Machine learning and anomaly detection for insider threat detection
Abstract
With the ever-growing online presence of businesses technology is ubiquitous in our
daily life. Whether through social media, online shops, working remotely, or talking to
a smart speaker to order dinner, cyber security will be only more important. While
external intrusions to information systems still constitute the vast majority of cyber
hazards, there is one type of threat that has been growing over the recent years and
drawing more attention, both from the industrial and academic worlds: a threat from
within.
Insider threat is a case of an employee or anyone with security access to an organisation
negatively affecting the company: through fraud, spreading misinformation and chaos
among other employees, or theft. Insiders are already past the security perimeter of an
organisation, giving them advantage and often easy access to sensitive files. That makes
insider threat a very dangerous and costly type of cyber crime.
Insider threat detection is a growing niche of cyber security.
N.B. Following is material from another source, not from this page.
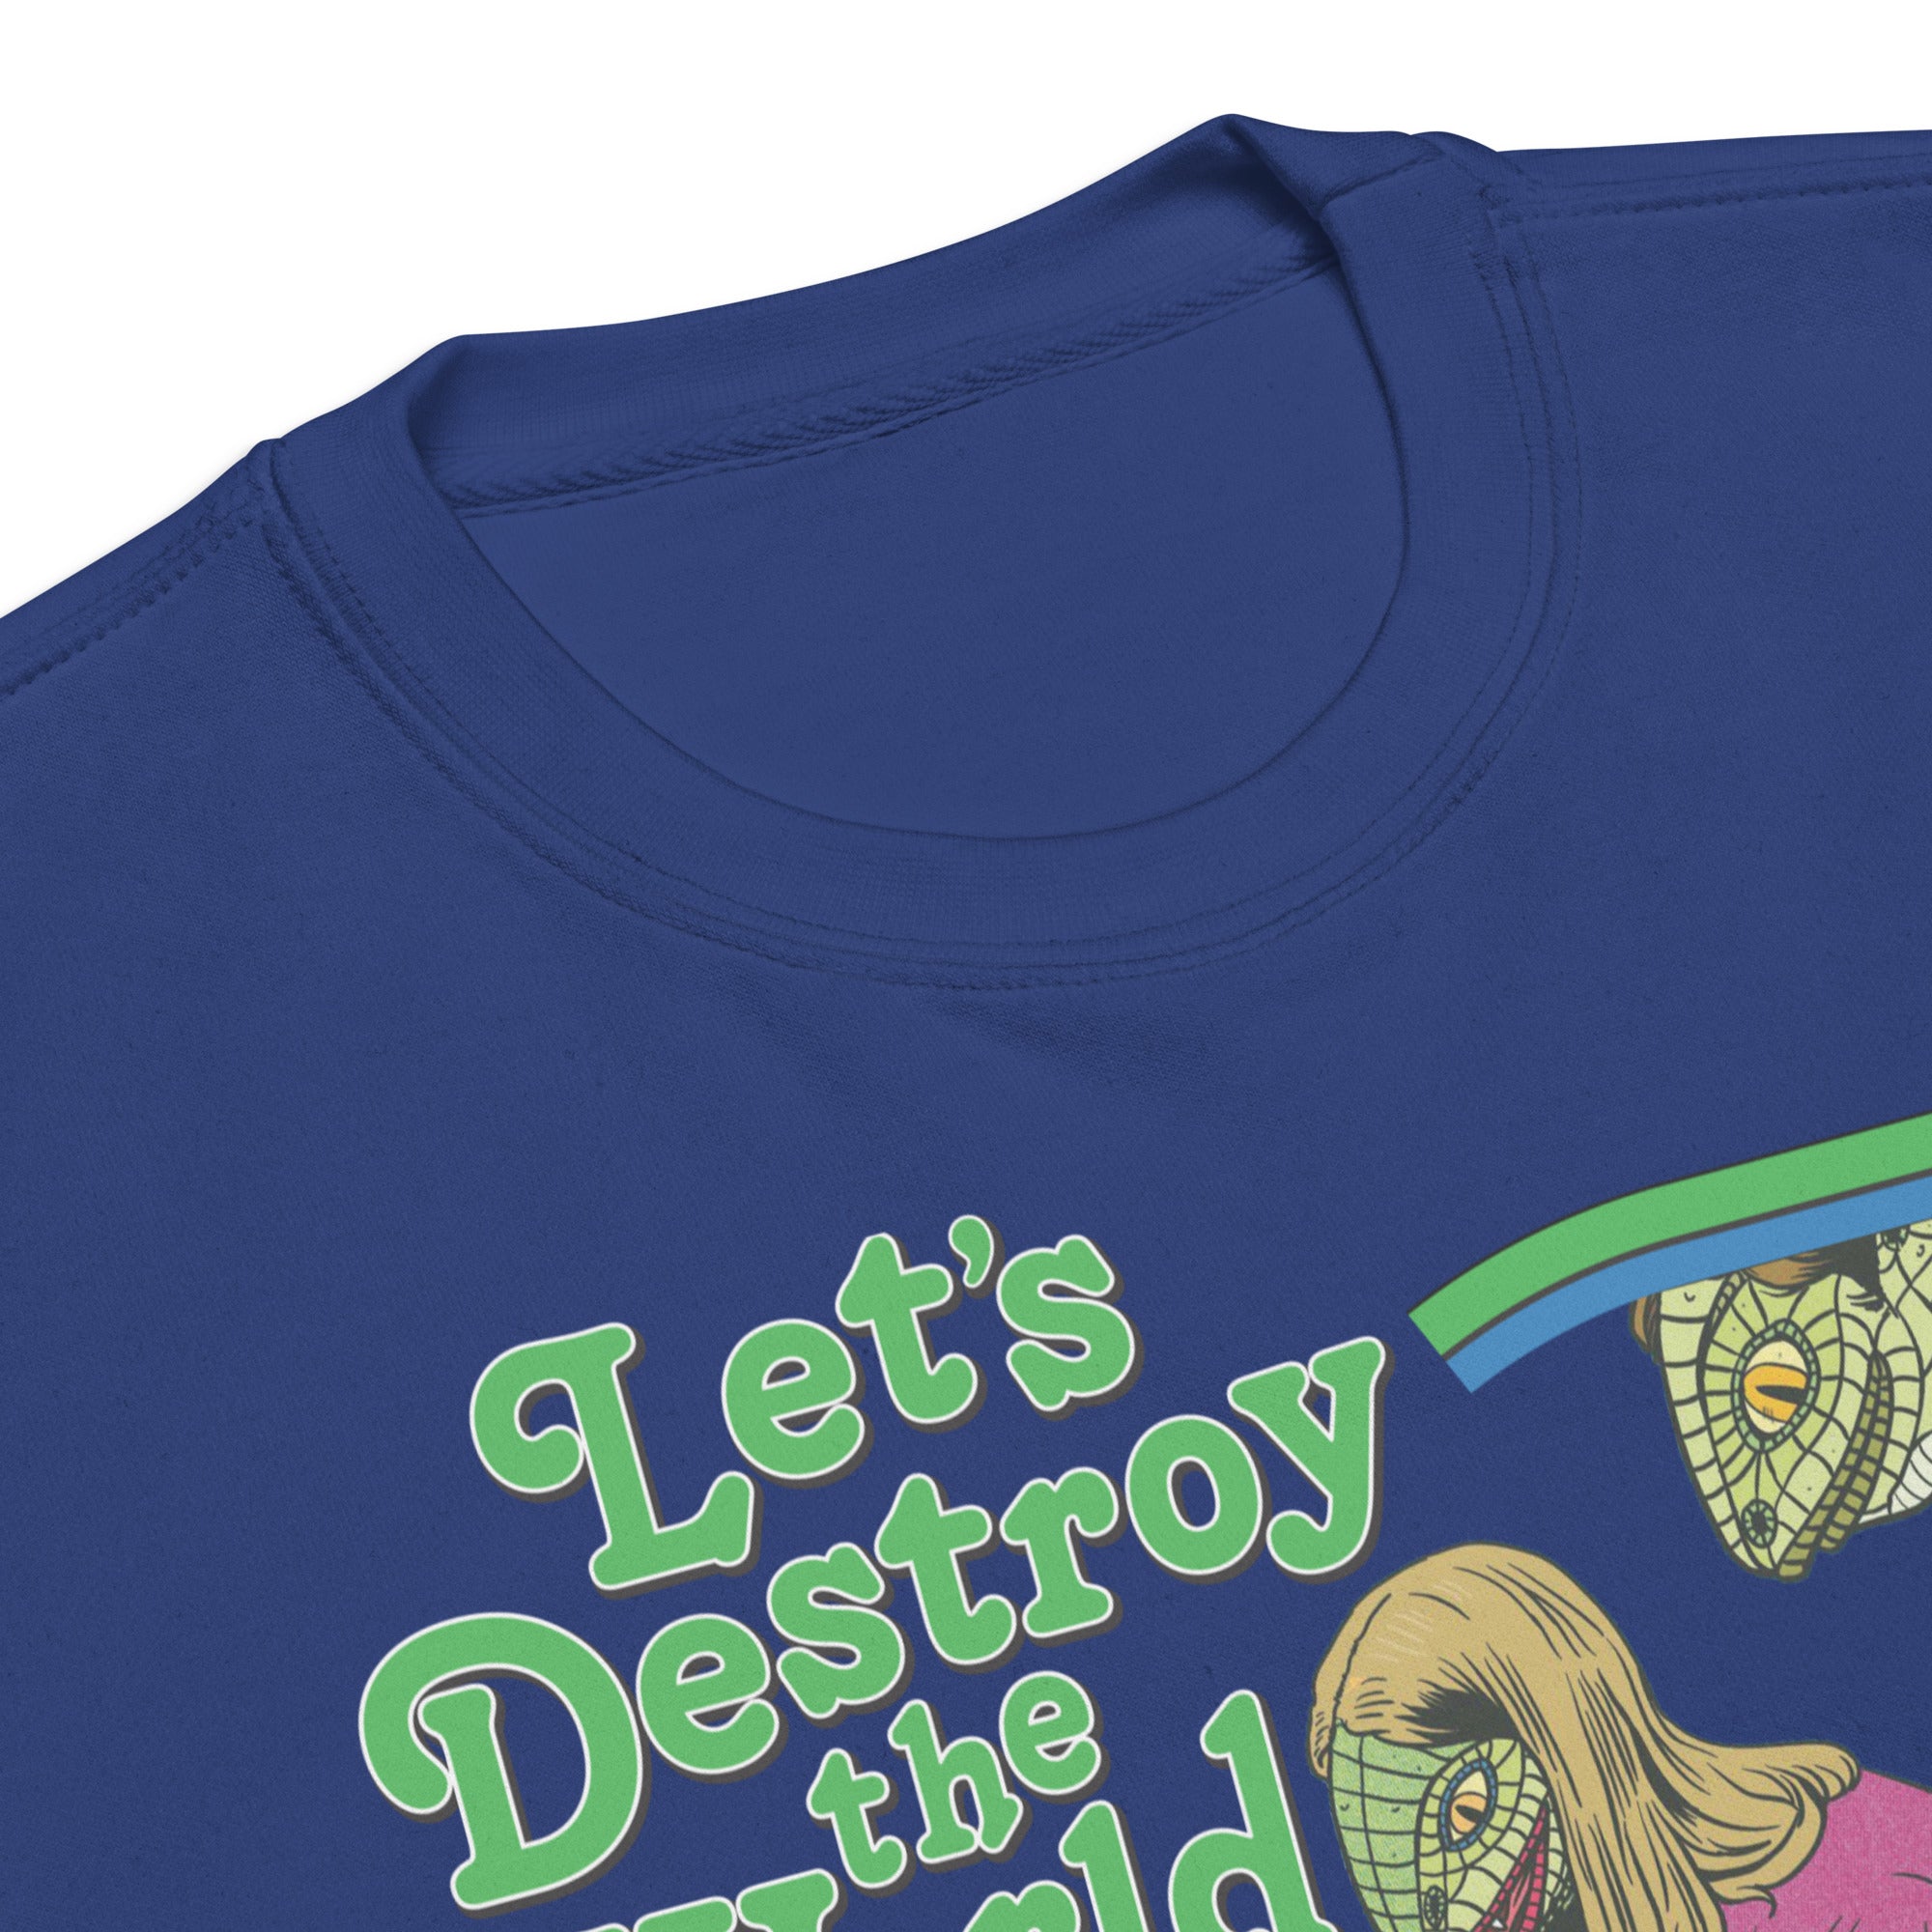 Let's Destroy the World with Social Media Lizard People Crewneck Sweatshirt

It faces many interesting
challenges, including problems with finding real data for experiments, the high point difficulty of anomaly detection, and difficulties encountered when trying to model attacks.
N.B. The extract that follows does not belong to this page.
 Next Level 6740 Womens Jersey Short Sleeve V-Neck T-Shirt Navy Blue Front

These problems have played a big role in shaping the current landscape of insider threat
detection.
In this thesis we describe our work with various machine learning and anomaly detection
models for insider threat detection. We describe the current state of the art and the
background of insider threat detection. We describe the datasets we use, both real
and synthetic, and the attacks we generate and insert into benign data to create data
for additional verification of our models. We outline three guidelines of good conduct
regarding experiment protocol, motivated by literature and experience gathered during
this research: use varied and multiple quality metrics to describe results; design and
create models without prior knowledge of data; report on all known limitations and
assumptions.
Out of the models we developed, the ensembles and local outlier factor (LOF) had consistently the best results out of the entire suite, and were comparable to state of the art
research. Our focus on multiple metrics helped us pinpoint a situation where models
were performing worse than the most popular metric, area under receiver operating characteristic curve (AUC), would suggest. Our method for generating and inserting attacks
was a valuable tool of verification of model results. Finally, for future research in the
field we suggest improving heterogenous ensembles, using deep learning and especially
autoencoders for anomaly detection, and further work on generating data.